[Information shown]
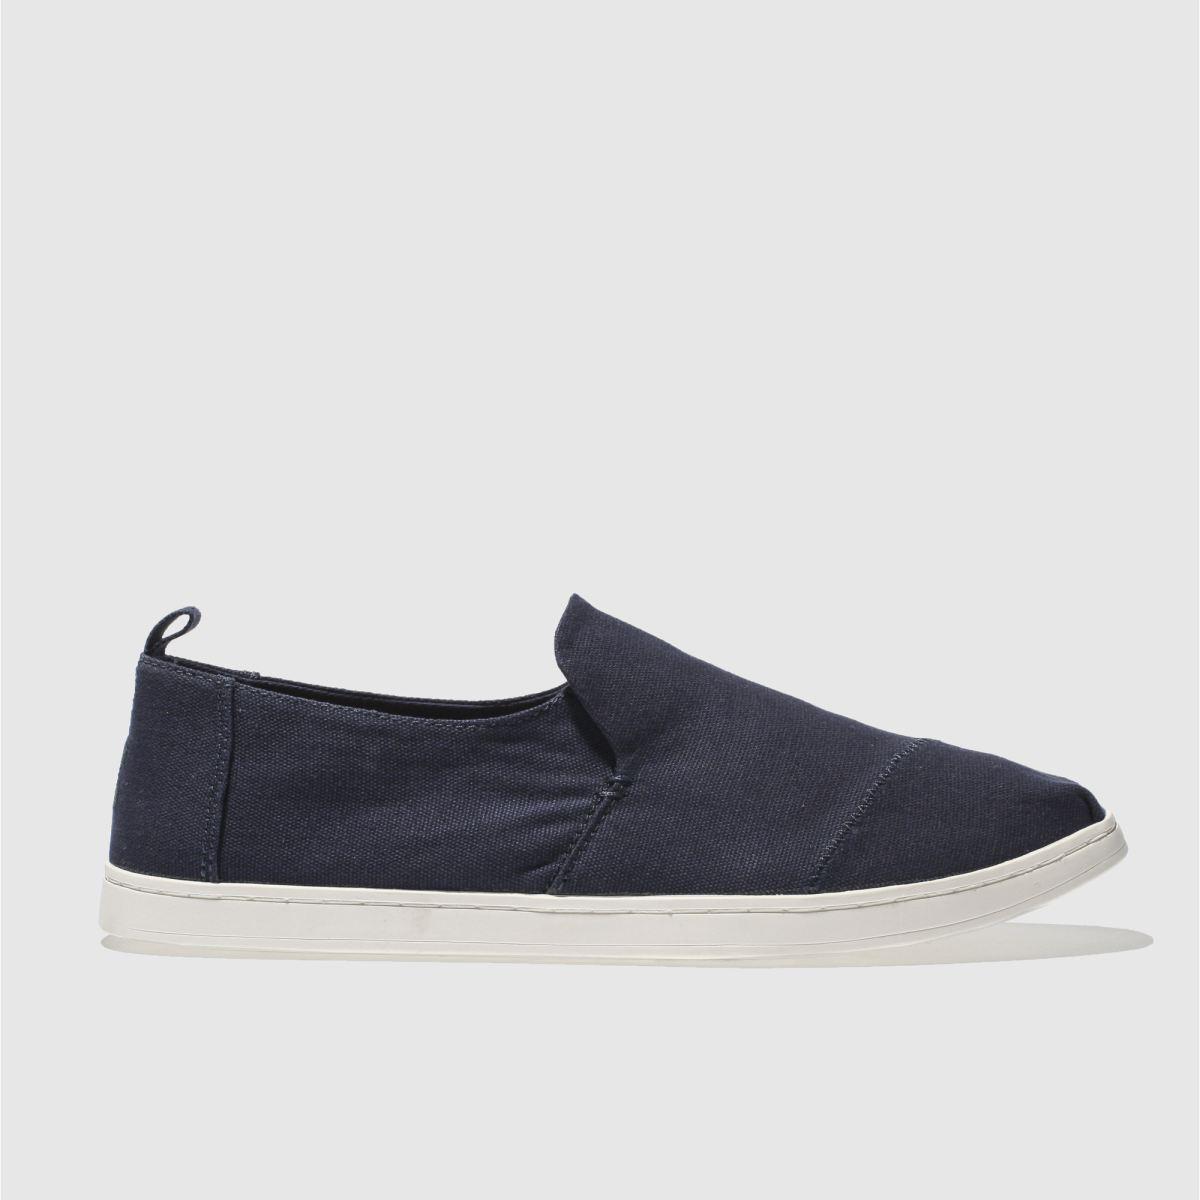 Toms Navy Deconstructed Alpargata Shoes
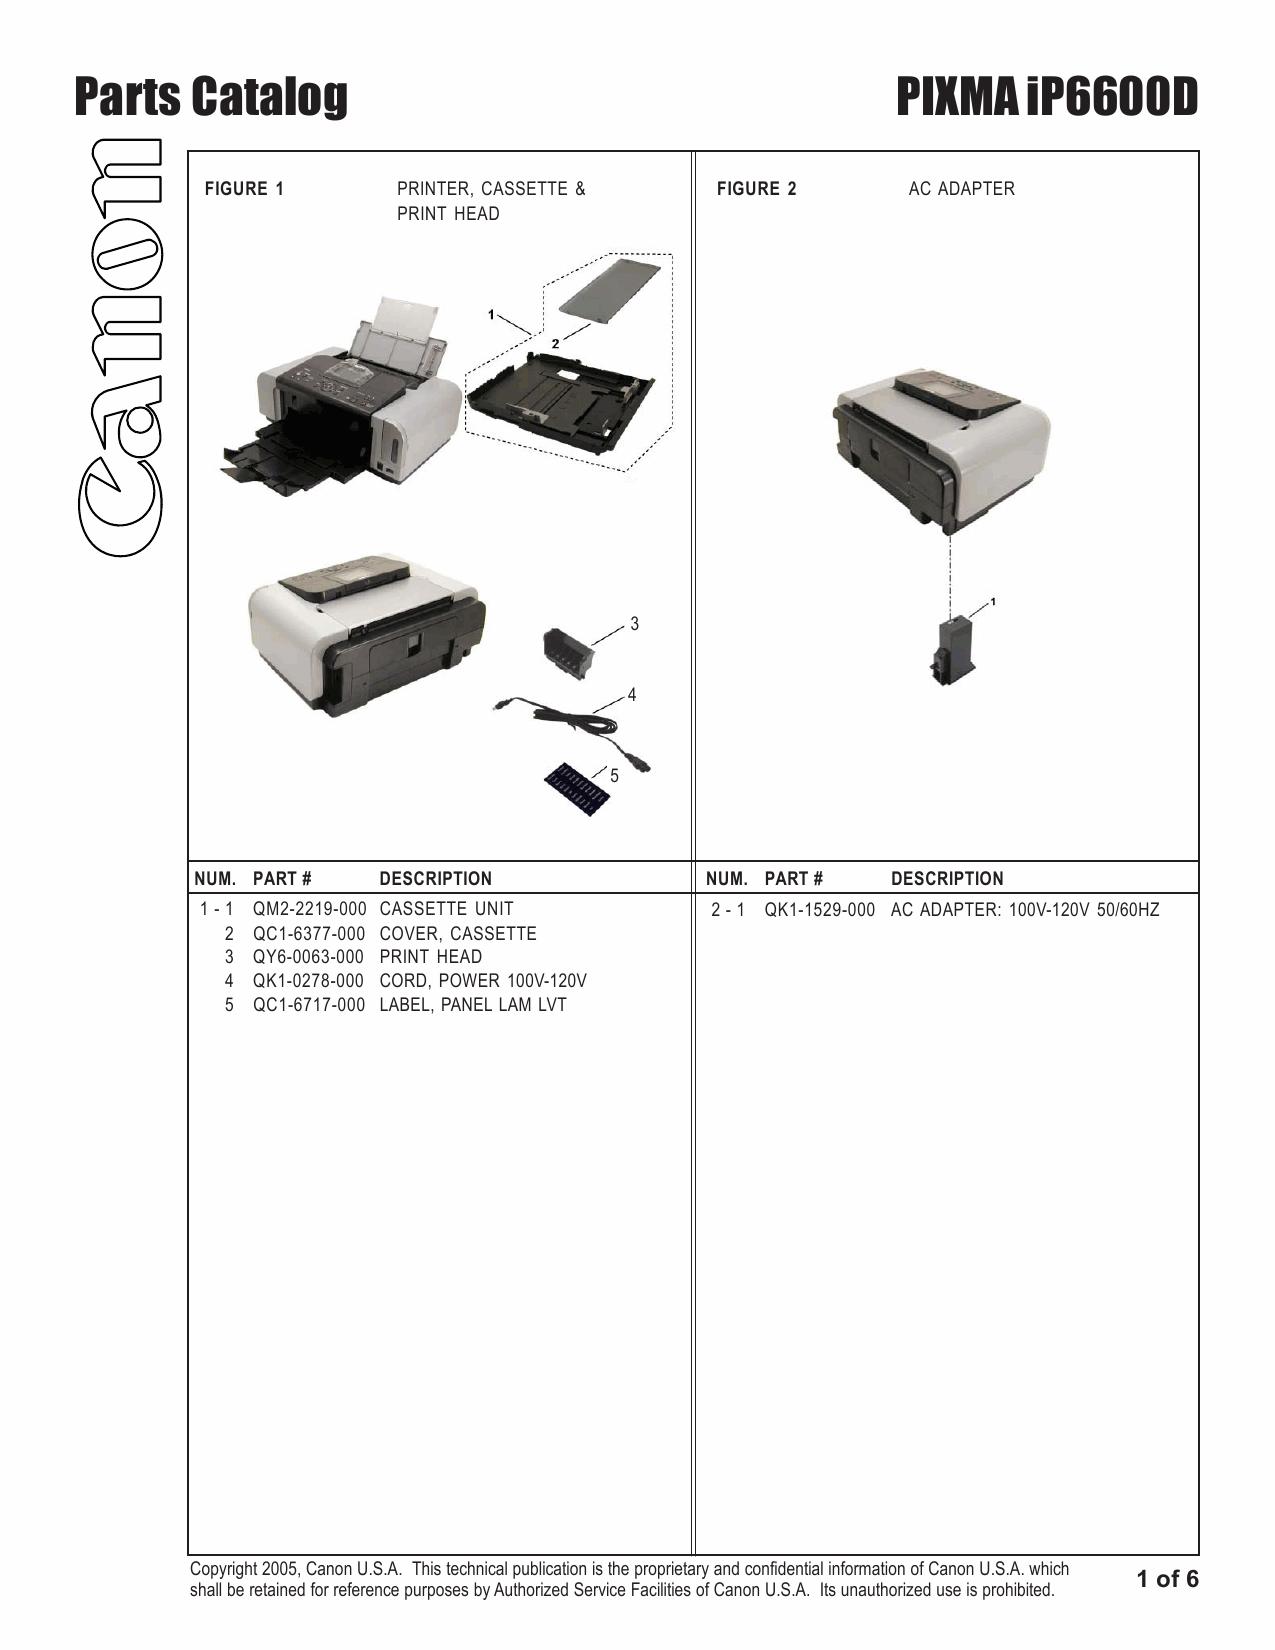 Электрическая схема canon ip4000
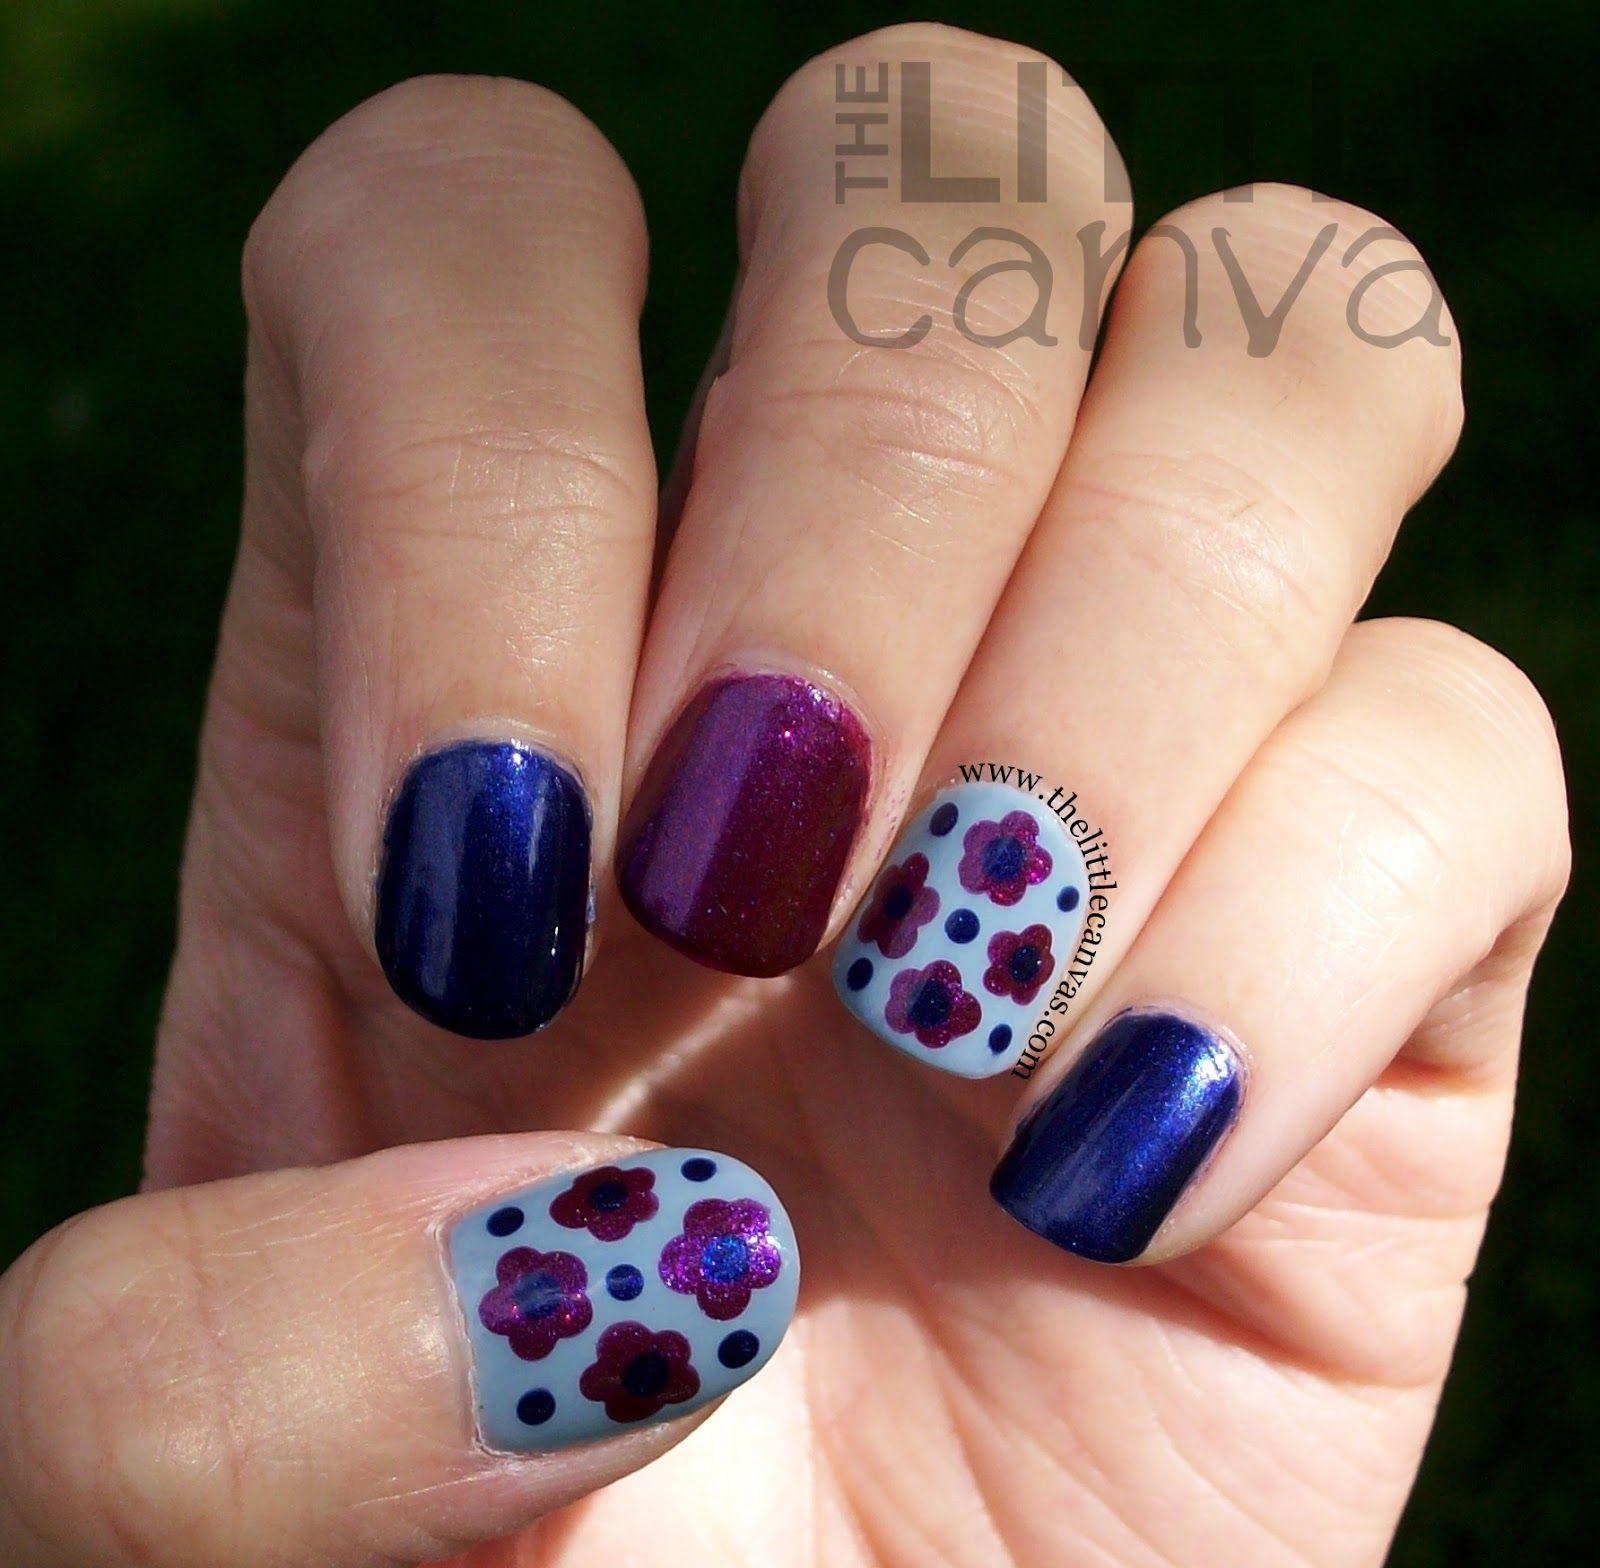 The Little Canvas: The Little Canvas: Zoya Mason & Neve Dot Flowers
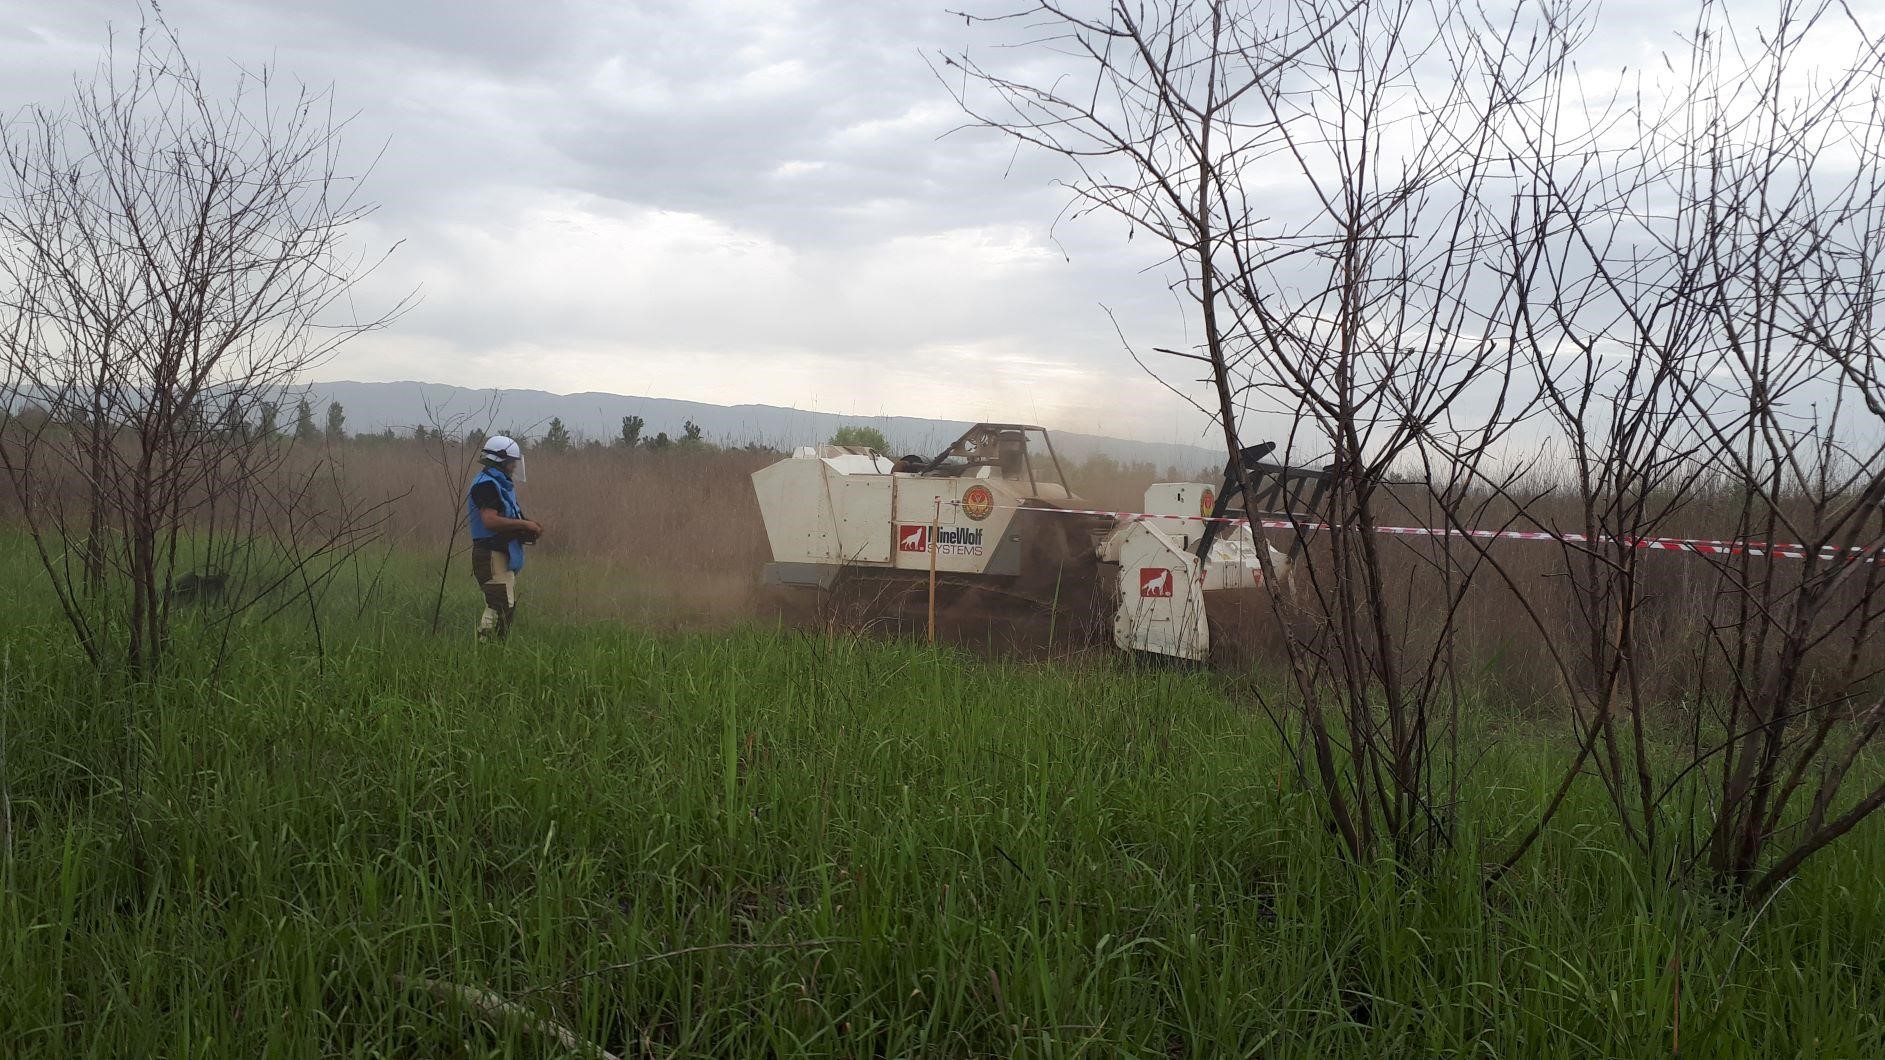 Mini-Mine Wolf machine operator, Firuz Asadbekov, conducting initial accreditation activities with the mine wolf machine in the Panj District, Khatlon region, located along the Tajik-Afghan border. (Photo courtesy of Norwegian People's Aid (NPA)
[/Information shown]
=== About this exercise ===
Would you please give the material above again, unchanged but without pictures?

=== Your response ===
 Toms Navy Deconstructed Alpargata Shoes
 Электрическая схема canon ip4000
 The Little Canvas: The Little Canvas: Zoya Mason & Neve Dot Flowers
 Mini-Mine Wolf machine operator, Firuz Asadbekov, conducting initial accreditation activities with the mine wolf machine in the Panj District, Khatlon region, located along the Tajik-Afghan border. (Photo courtesy of Norwegian People's Aid (NPA)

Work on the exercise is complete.